The most common drug-related side effect was retrograde ejaculation. The second most commonly-reported adverse event was dizziness. The incidence of treatment-related dizziness was low and only slightly higher among RAPAFLO(TM) than placebo-treated patients (11 vs. 3 patients).
Previously presented data included information that in clinical trials RAPAFLO(TM) was administered with a single dose of medications for erectile dysfunction in healthy male subjects (N=24) and that there were no reported events of symptomatic orthostasis or dizziness. RAPAFLO(TM) demonstrated no meaningful electro cardiac effects during Phase 3 trials and during thorough QTc testing as required for new chemical entities by the FDA.
RAPAFLO(TM) was originally developed by Kissei Pharmaceutical Co., Ltd. in Japan, where RAPAFLO(TM) is the BPH market leader, and licensed to Watson for the U.S., Canada and Mexico markets.
About Watson Pharmaceuticals, Inc.
Watson Pharmaceuticals, Inc. (NYSE: WPI ) is a global leader in the development and distribution of pharmaceuticals with a broad portfolio of generic products and a specialized portfolio of branded pharmaceuticals focused on Urology, Gynecology and Nephrology (Medical).
In the U.S., the Watson portfolio includes RAPAFLO(TM), GELNIQUE(TM), TRELSTAR® LA; TRELSTAR® Depot; Ferrlecit®, INFeD® and Oxytrol®. In addition, Watson markets the following brands under co-promotion agreements: AndroGel®, with Solvay Pharmaceuticals, Inc., and Femring®, with Warner Chilcott Limited. The Watson pipeline portfolio includes a number of products, including a six-month formulation of TRELSTAR®, for the treatment of advanced prostate cancer which is currently under review by the FDA; URACYST®, under development for cystitis; and a novel new oral contraceptive.
For press releases and other company information, visit the Watson website at http://www.watson.com.

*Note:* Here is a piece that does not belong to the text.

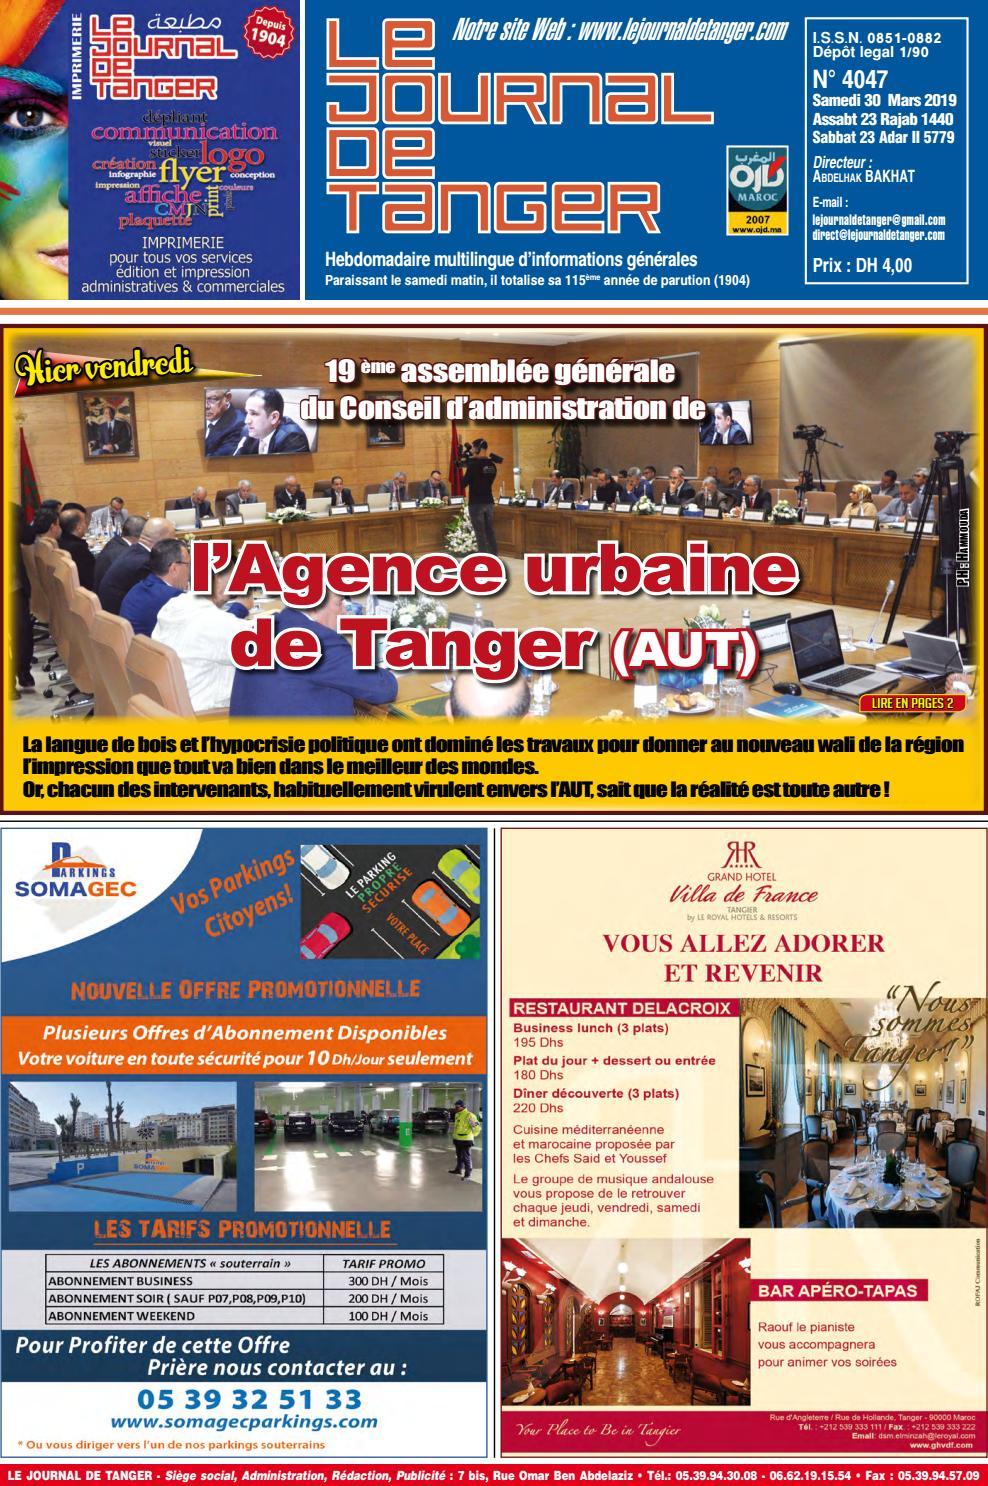 0ef7a4361 Le journal de Tanger 30 Mars 2019 by Le Journal de Tanger - issuu

Any statements contained in this press release that refer to future events or other non-historical facts are forward-looking statements that reflect Watson's current perspective of existing trends and information as of the date of this release. Except as expressly required by law, Watson disclaims any intent or obligation to update these forward-looking statements. Actual results may differ materially from Watson's current expectations depending upon a number of factors affecting Watson's business. These factors include, among others, the impact of competitive products and pricing; market acceptance of and continued demand for Watson's products, including RAPAFLO(TM); difficulties or delays in manufacturing; patents and other intellectual property rights held by the Company and the ability to successfully enforce such rights against third parties; and other risks and uncertainties detailed in Watson's periodic public filings with the Securities and Exchange Commission, including but not limited to Watson's Annual Report on Form 10-K for the year ended December 31, 2008.